Фундаменталисты творят добро (то, что они считают таковым), дабы исполнить волю Господа и заслужить спасение; атеисты творят добро просто потому, что так правильно. Не в этом ли состоит наш самый элементарный этический опыт? Когда я творю добро, я делаю это не для того, чтобы получить одобрение Господа, я делаю это потому, что я не могу поступить иначе — если бы я не сделал этого, я не смог бы смотреть на себя в зеркало. Моральное деяние само по себе является наградой. Давид Юм, верующий, выразил эту мысль наиболее метко, сказав, что единственный способ выказать подлинное почтение к Богу состоит в том, чтобы поступать морально, игнорируя существование Бога.
История европейского атеизма — от его греческих и римских корней в поэме «О природе вещей» Лукреция до классики Нового времени вроде Спинозы — учит достоинству и отваге.

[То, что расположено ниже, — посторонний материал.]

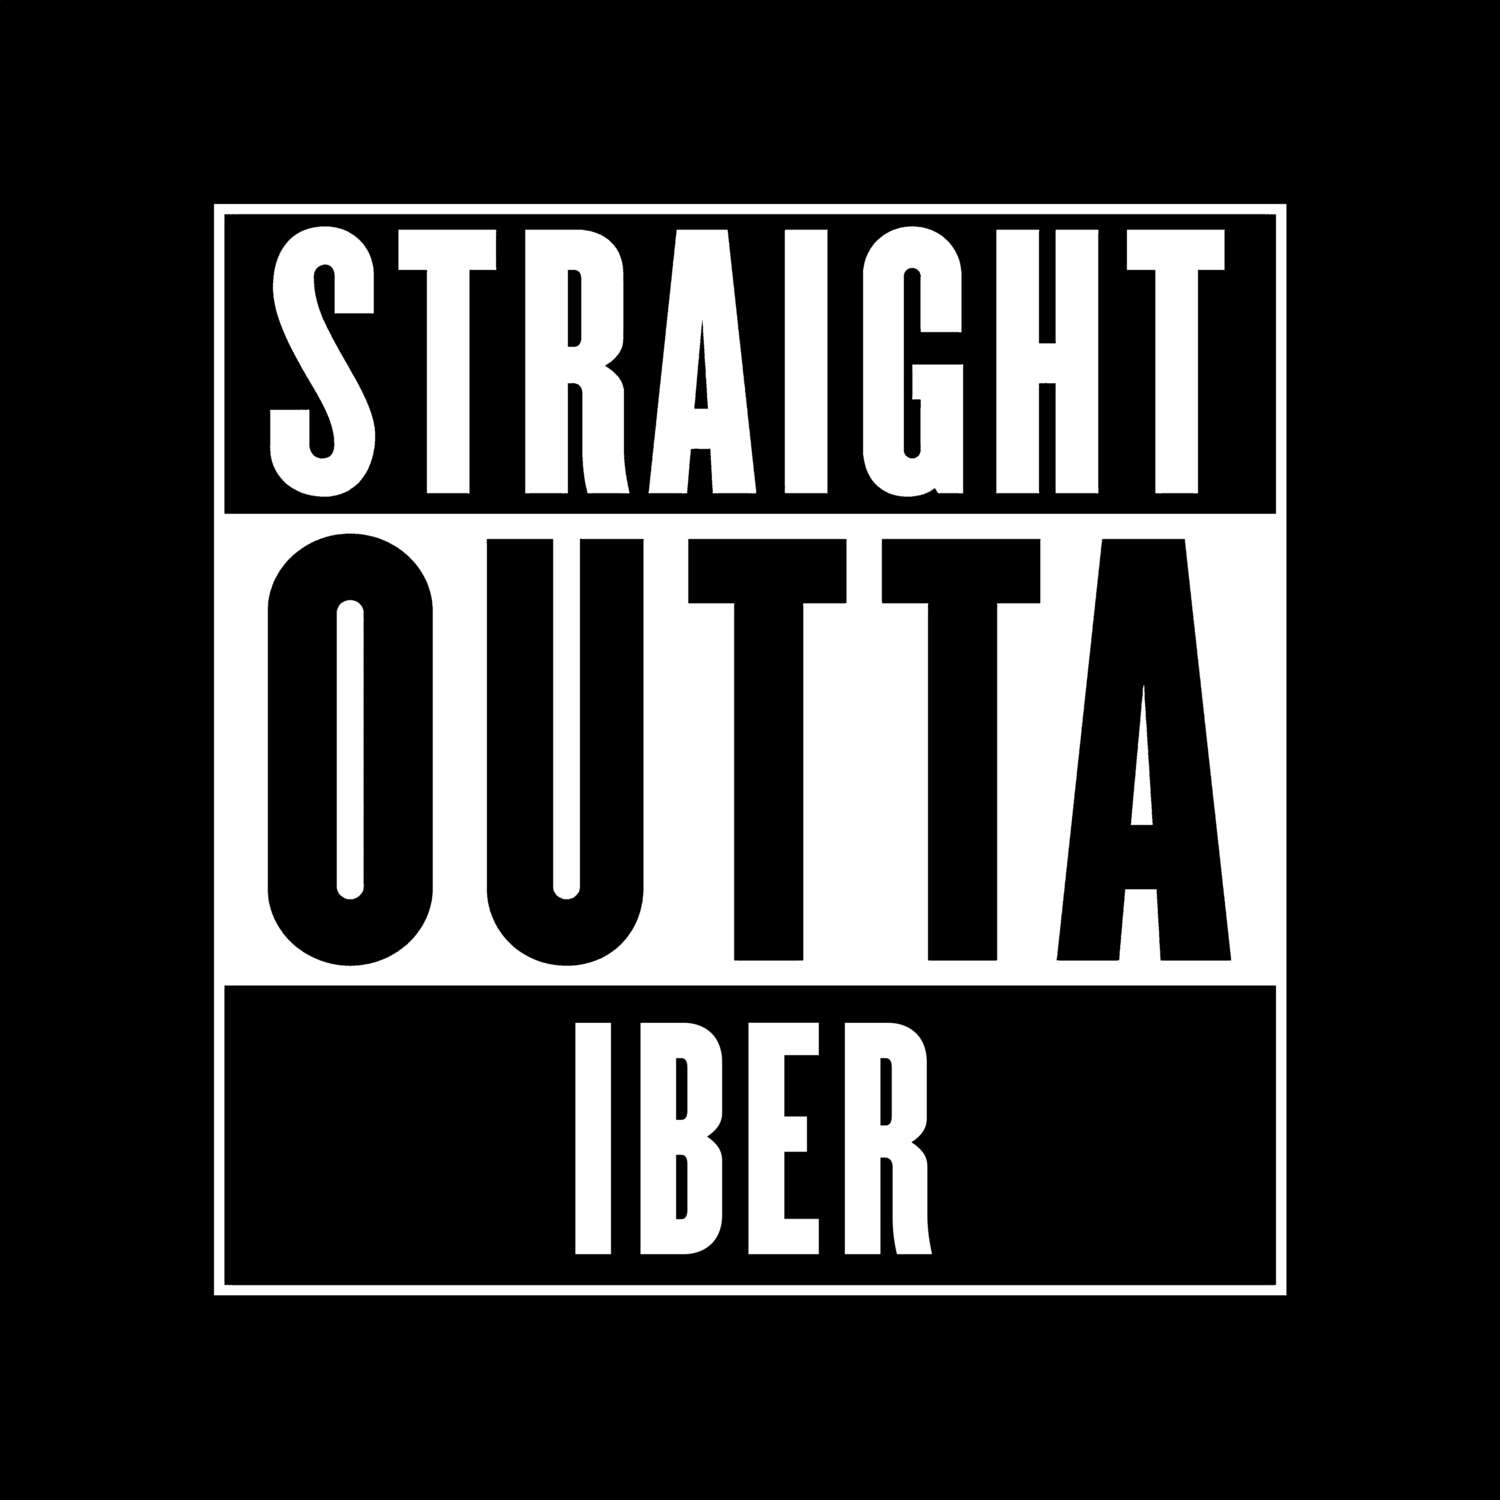 Iber T-Shirt »Straight Outta«

Не будучи просто случайным проявлением гедонизма, он пронизан
107 сознанием печального исхода всякой человеческой жизни, поскольку нет высшей силы, следящей за нашими судьбами и гарантирующей счастливый исход. В то же время он стремится сформулировать послание радости, которая происходит не от бегства от реальности, а от ее принятия и творческого поиска своего места в ней. Уникальной эту материалистическую традицию делает тот способ, которым она сочетает смиренное осознание того, что мы не являемся хозяевами вселенной, а представляем собой только часть намного более значительного целого, подверженного случайным поворотам судьбы, с готовностью принять тяжелое бремя ответственности за то, что мы делаем из нашей жизни. Когда мы постоянно имеем дело с угрозой непредсказуемой катастрофы, не этот ли подход нужен нам сегодня как никогда?

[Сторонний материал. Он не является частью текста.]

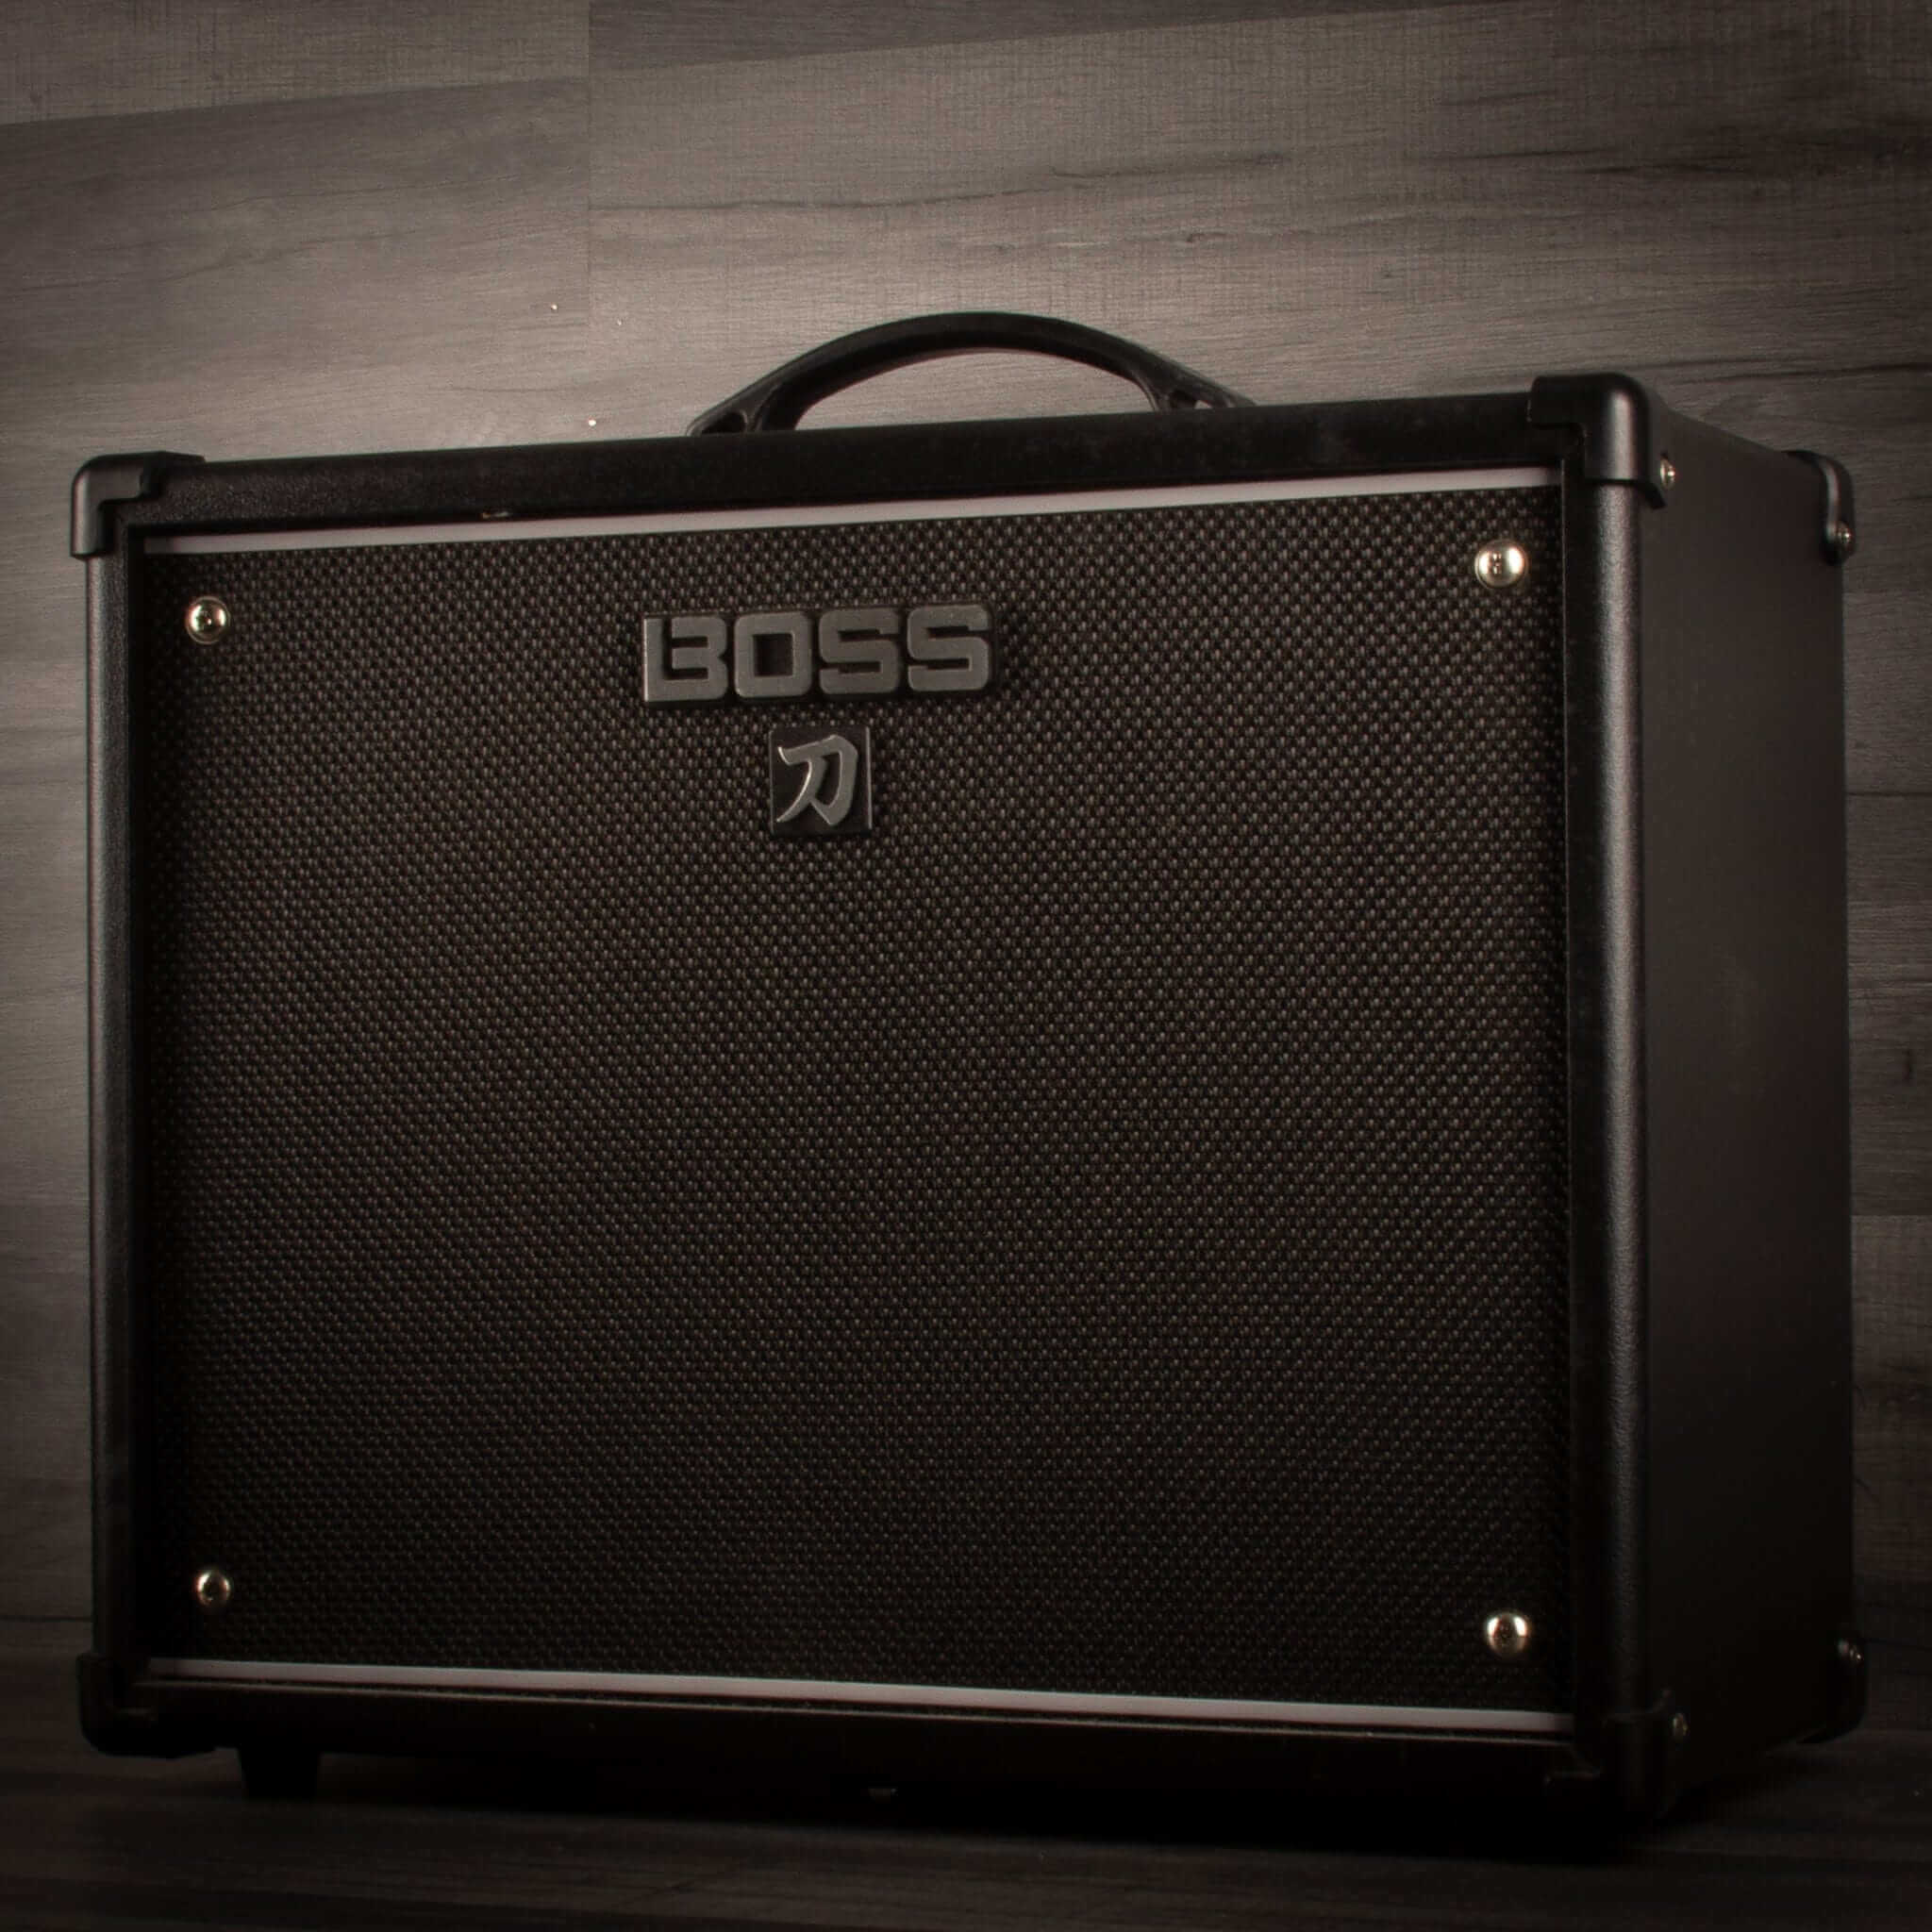 Boss Amplifier USED - Boss Katana 50

Несколько лет тому назад в Европе бушевали необычные дебаты: должно ли христианство быть упомянуто в качестве ключевой составляющей европейского наследия в преамбуле к проекту европейской конституции? Компромисс был достигнут, когда христианство было перечислено наряду с иудаизмом, исламом и наследием античности. Но где же самое ценное наследие Европы, наследие атеизма? Уникальной современную Европу делает то, что она является первой и единственной цивилизацией, в которой атеизм оказывается вполне допустимой позицией и не служит препятствием для занятия какого-либо публичного поста. За это европейское наследие стоит бороться изо всех сил.
Хотя подлинным атеистам не нужно набирать себе очки, шокируя верующих богохульными заявлениями, они также отказываются сводить проблему карикатур на Мухаммеда к проблеме уважительного отношения к верованиям других. Уважение к верованиям других как высшая ценность может означать одно из двух: либо мы относится к другому покровительственно и стараемся не травмировать его, чтобы не разрушать его иллюзии; либо мы занимаем релятивистскую позицию множественных «режимов истины», видя во всяком настойчивом утверждении истины насилие. Но как насчет того, чтобы подвергнуть ислам — вместе со всеми остальными религиями — уважительному, но оттого не менее суровому критическому анализу? Так, и только так, можно выказать подлинное уважение к мусульманам: видеть в них серьезных взрослых, ответственных за свои верования.